Complexity of the healthcare system
Our participants considered healthcare system complexity to be an important barrier. The system, with its bureaucracy and administrative and legal regulations, offers rigid, standardized services and fails to meet the specific needs of PLP patients. Also, according to the HCP participants, it is difficult for patients to navigate the healthcare system and to understand the processes and procedures required. It can be difficult for patients to know where to consult for certain health problems (e.g. whether to make an appointment at a primary care clinic or go to the emergency room). It can also be difficult for patients to find their way to various departments in large healthcare facilities. HCPs suggested that different departments should be grouped together to eliminate confusion.
Participants also raised the issue of social assistance benefits. In Quebec, determining patients’ social assistance needs is under the purview of physicians.
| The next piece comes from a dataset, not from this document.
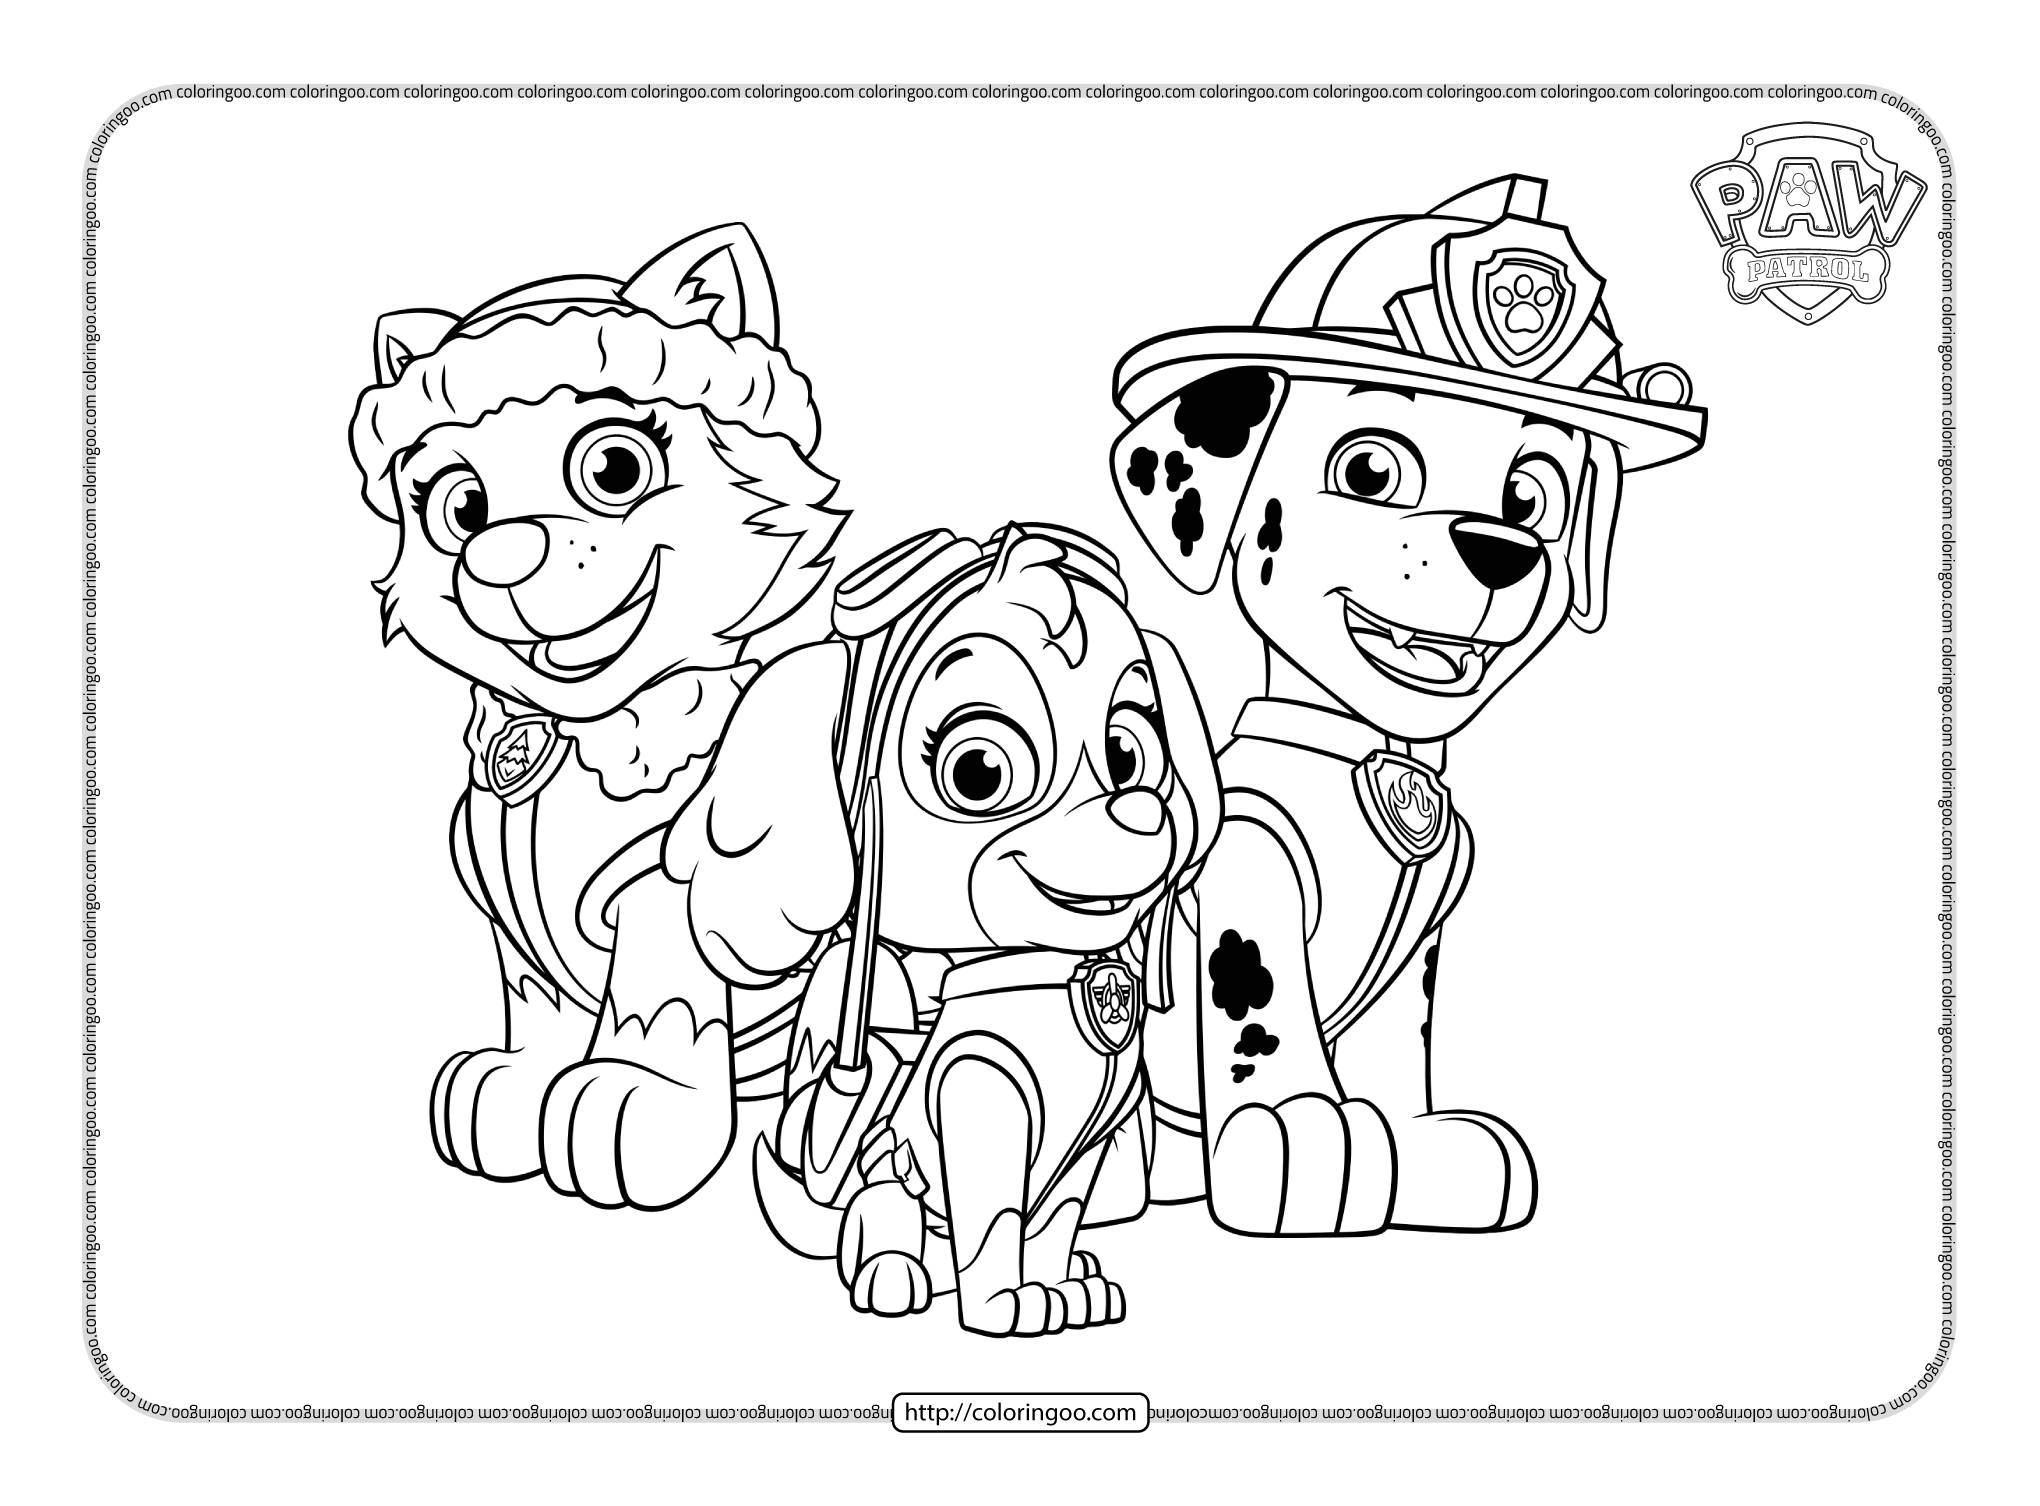 everest skye and marshall coloring pages

It is they who declare a patient fit or unfit for work, which influences the amount of benefits granted by the government. A person who is declared unfit for work receives $314 more per month than one who lives alone and is declared fit for work (effective January 1, 2013). One PLP participant said:
[For us] to get 900 [dollars] per month, physicians need to fill out forms. They don’t always want to do it because they’re afraid of being contested by the Social Assistance Program. The barrier is that the law requires physicians to decide whether you’ll have 600 or 900 [dollars] a month to live on.
PLPs who believe they are eligible for the additional disability amount need physicians to complete specific paperwork, but physicians may feel uncomfortable performing this task. Physicians find themselves in a dilemma because they are aware of the impact their decision has on the lives of PLPs. For our participants, this government policy has created inequities and stress for persons receiving social assistance as well as for doctors, who want better life conditions for their patients and a good care relationship. As expressed by a physician:
Just to say, I agree it’s pretty hellish. We’re filling out forms and entering things just to enter things. And even if I put those things in, it works for a while and then one day they [bureaucrats with the Social Assistance Program] don’t buy it anymore.... It worked, and suddenly it’s not working anymore, the check is cut, the person doesn’t even know. So we feel very badly, too.